OH GOD, NOT THEM AGAIN…
I forgot to mention this last week. Anyone see, for some unfathomable reason, Kasabian open the BAFTA’s? The BAFTA’s (a name I can’t now hear without Jennifer Saunders as Clarice Starling pronouncing it “Bafders” in the French & Saunders Silence Of The Lambs spoof years ago) keep looking endlessly, enviously, westwards as the years pass, as they position themselves as Oscar’s Mini-Me. And they’ve noticed that the Oscars kick off with a musical number, right? Except, on the Academy Awards night it’s a specially written “musical” number, that catalogues, critiques and generally cocks a snook at the nominated films.
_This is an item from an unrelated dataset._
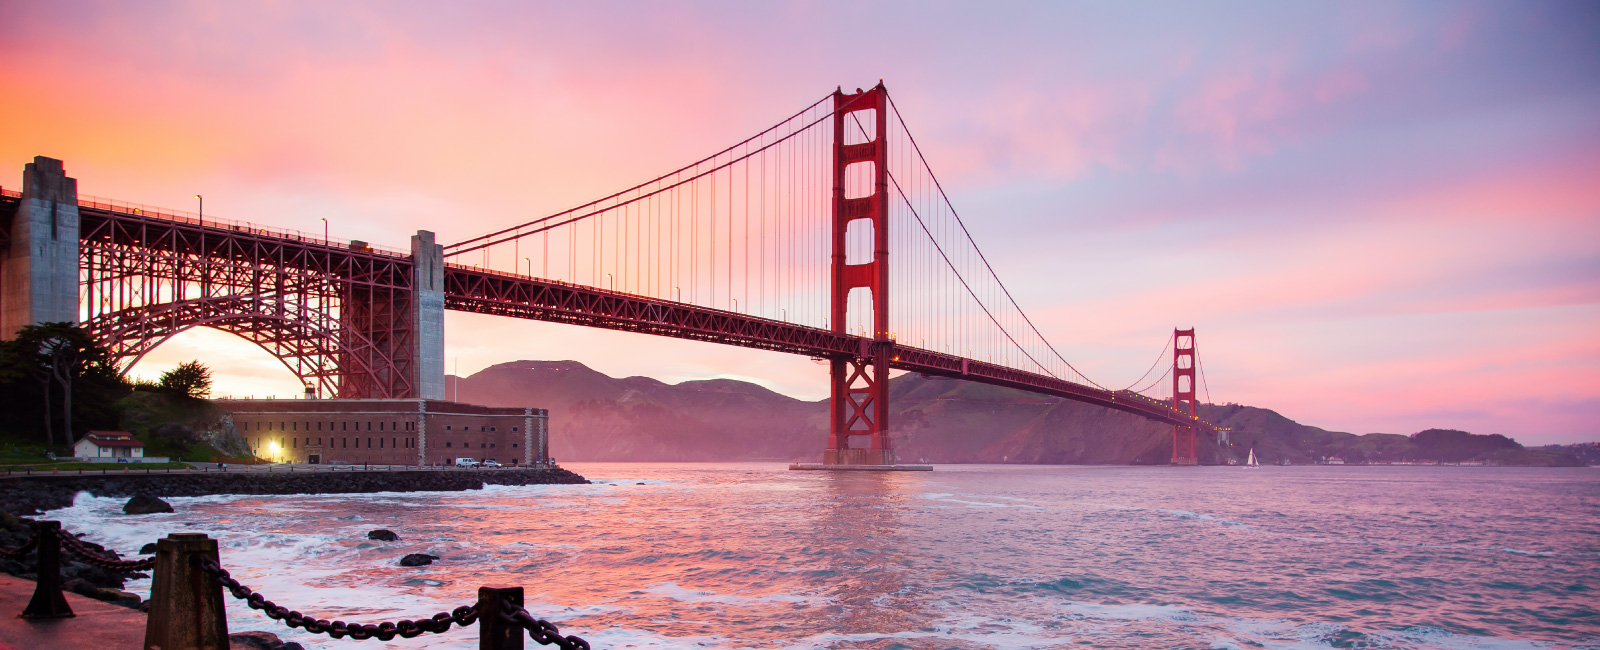 Golden Gate Bridge at sunset, San Francisco 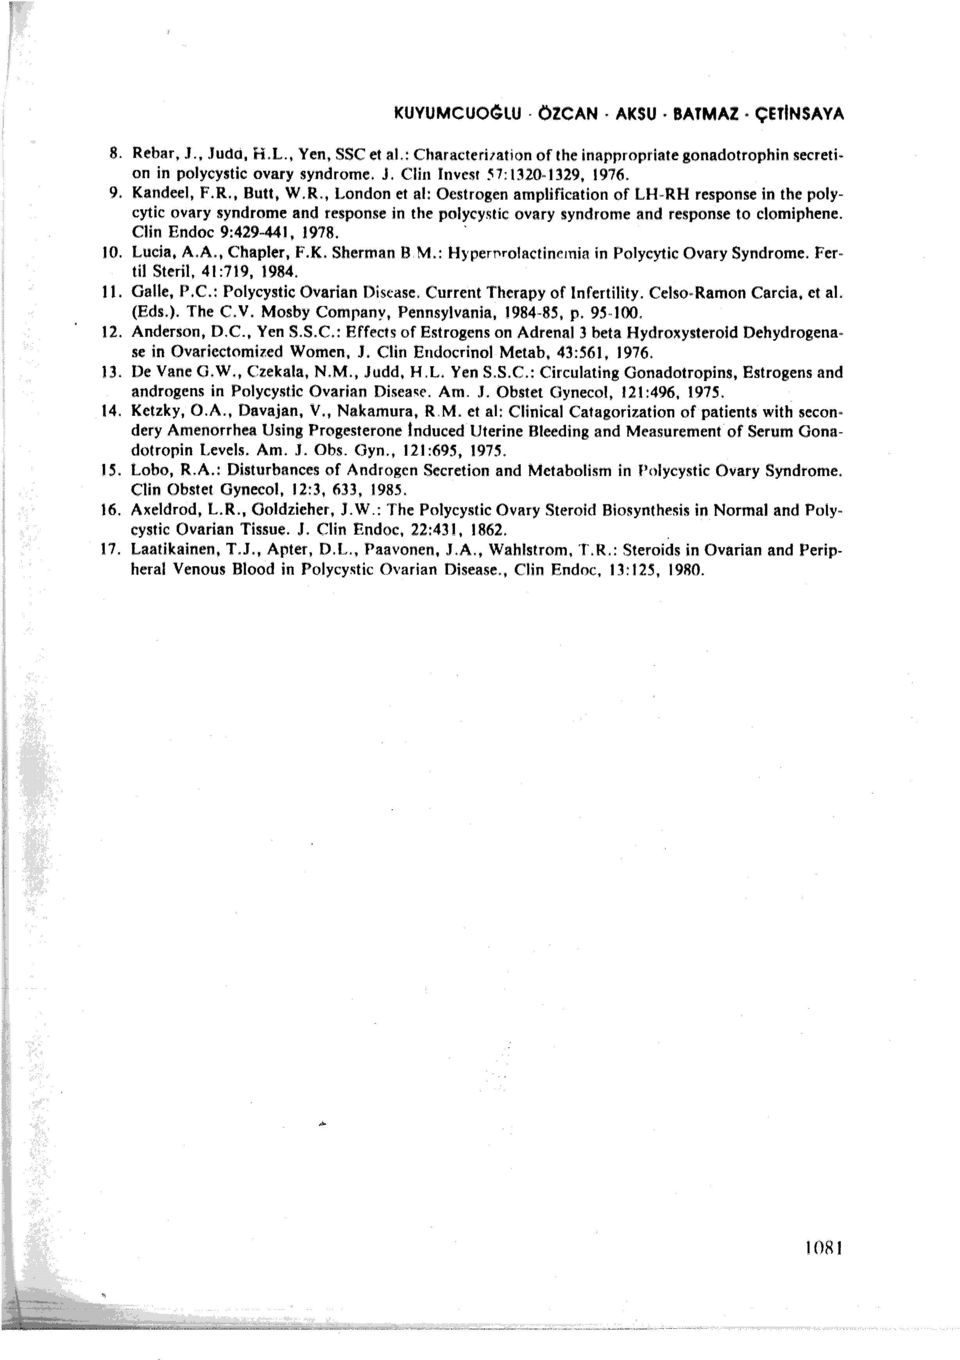 Clin Endoc 9:429-44, 978. 0. Lucia, A.A., Chapler, F.K. Shennan BM.: Hypenırolactinemia in Polycytic Ovary Syndrome. Fertil Steril. 4 :79, 984. l. Gaile, P.C.: Polycystic Ovarian Distase.

That’s not how BAFTA see it, obviously. This year… (drum roll)… please welcome (another drum roll)… British Rock Giants… (cheering and clapping, more drum rolls, possibly some eye rolling)… Kasabian! Dear God. I know that if I think of British Film, I’m always put in mind of the Poundshop Primal Scream that are Leicester’s famous sons. I mean, aren’t you? And shame on Stephen Fry for calling them “The Amazian Kasabian”, whilst undoubtedly thinking nothing of the sort. I hope.

A QUITE-LIKED QUOTE
Alejandro Gonzalez Iñárritu: What I’ve Learned, US Esquire: “I see only one requirement you have to have to be a director, or any kind of artist: rhythm. Rhythm, for me, is everything. Without rhythm, there’s no music. Without rhythm, there’s no cinema. Without rhythm, there’s no architecture. The cosmos is a system of rhythms that come in many ways: Images. Sounds. Colors. Vibrations… and if you don’t get that, if you don’t have that, it’s impossible to do something that vibrates. You can have the craft, the knowledge, the information, the tools, even the ideas – but if you don’t have rhythm, you are fucked.”

VISUAL OF THE WEEK
This Twen spread, shot by Robert Freeman, designed by Willy Fleckhaus, found on MagCulture.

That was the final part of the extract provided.